5. Tenanted rice and/or corn lands seven (7) hectares or less shall not be covered by Operation Land Transfer. The relation of the land owner and tenant-farmers in these areas shall be leasehold . . . (Emphasis supplied)

Based on the foregoing, it is clear that the lands in dispute do not fall under the coverage of P.D. No. 27. The DAR Memorandum is categorical that lands with seven hectares or less shall not be covered by OLT. 2. TERMINATION OF LEASEHOLD BY PAYMENT OF DISTURBANCE COMPENSATION Based on the evidence on record, respondents paid Aguido P2,000,000.00 and Hernando P2,417,142.00 as disturbance compensation. A reading of the Pinanumpaang Salaysay executed by petitioners show that they gave up their leasehold rights"dahil sa aming kagustuhang umiba ng hanap buhay ng higit ang pagkikitaan kaysa panakahan." The money given by respondents as disturbance compensation was indeed advantageous to the families of petitioners, as it would have allowed them to pursue other sources of livelihood. 3. CERTIFICATE OF LAND TRANSFER EFFECT Citing Pagtalunan v.
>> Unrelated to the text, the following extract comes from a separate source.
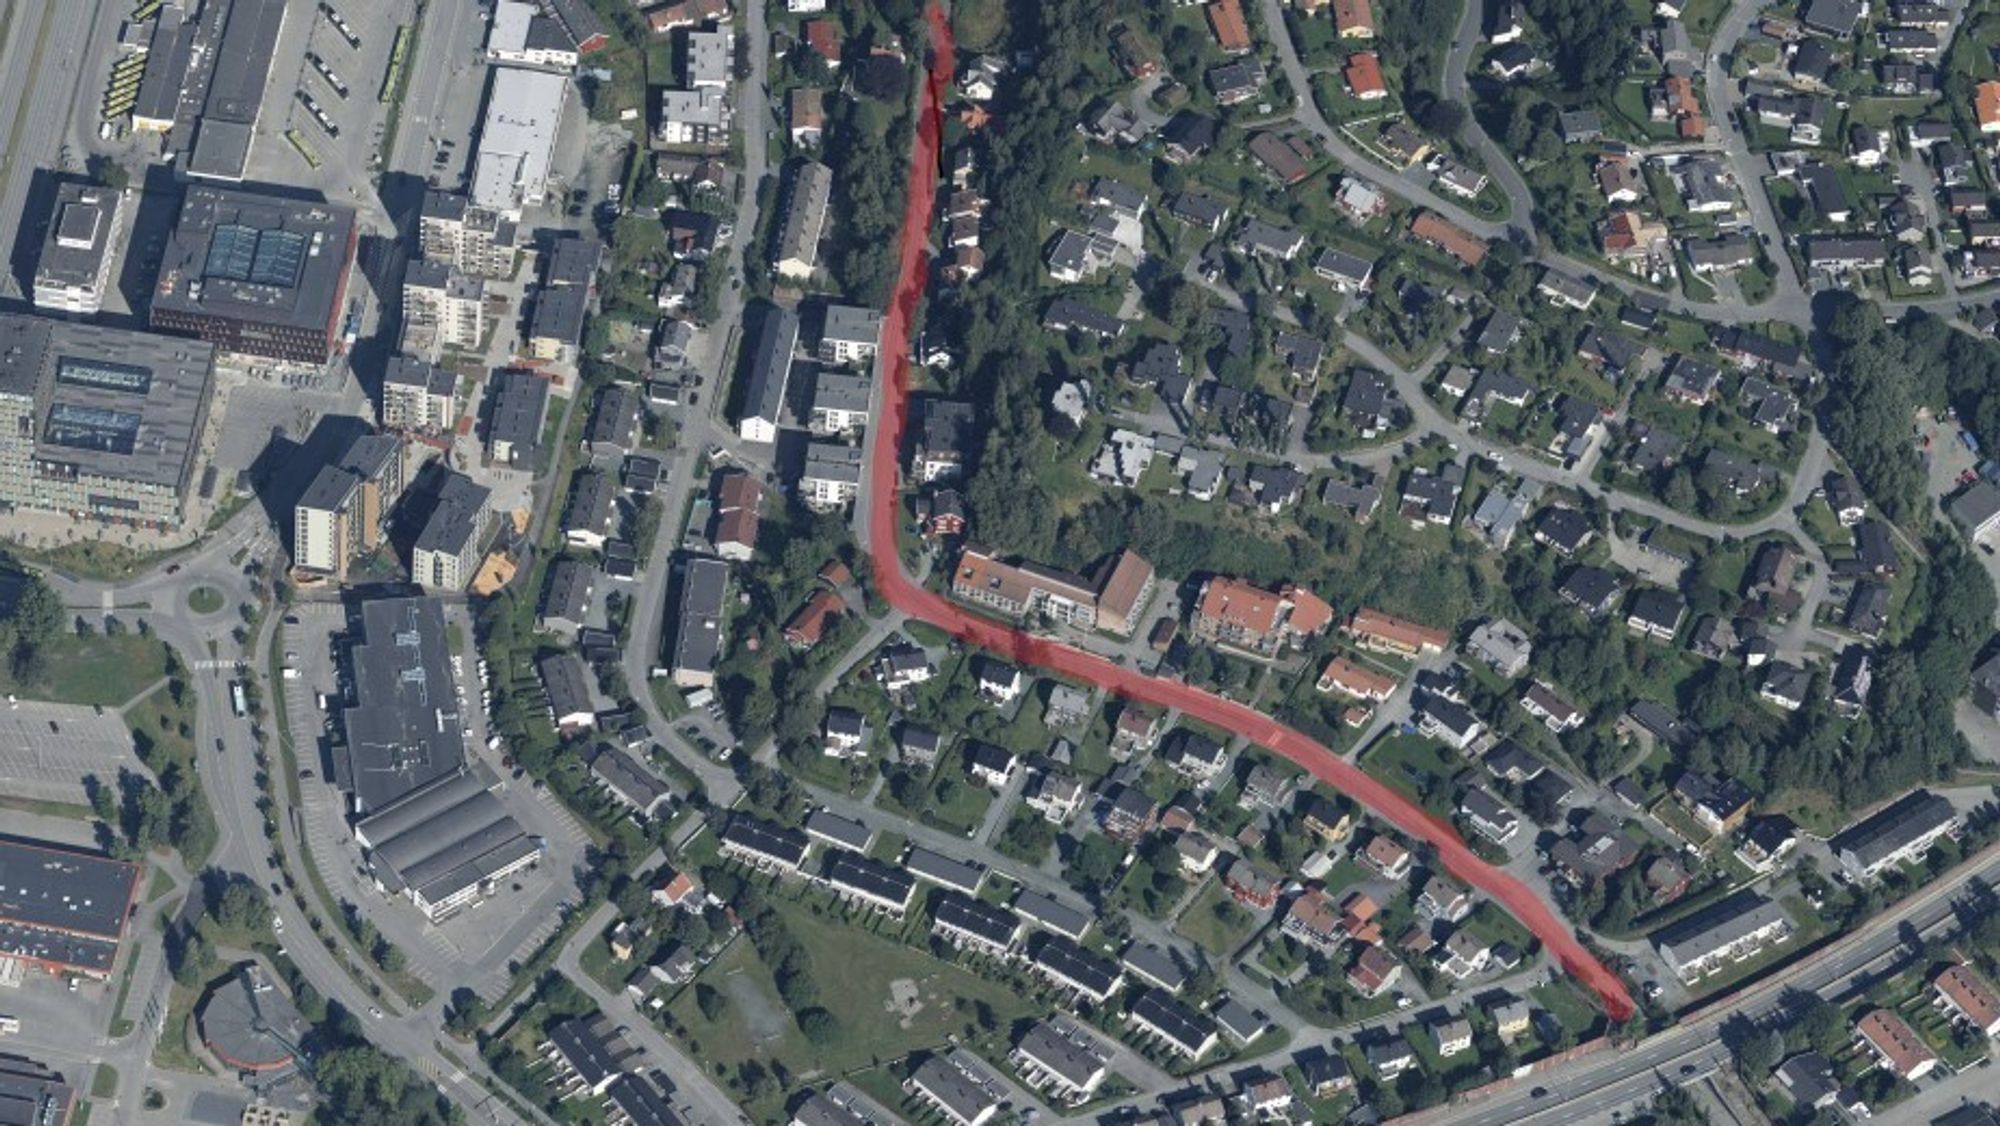 Prosjektyet skal skje langs Klæbuveien mellom Omkjøringsvegen og Øystein Møylas veg i Trondheim

Tamayo, G.R. No. 54281, March 19, 1990, 183 SCRA 252: Moreover, assuming arguendo that CLTs were actually issued to petitioners, a CLT does not vest in the farmer/grantee ownership of the land described therein. At most, the CLT merely evidences the government's recognition of the grantee as partly qualified to await the statutory mechanism for the acquisition of ownership of the land titled by him as provided in P.D. No. 27. Neither is this recognition permanent or irrevocable.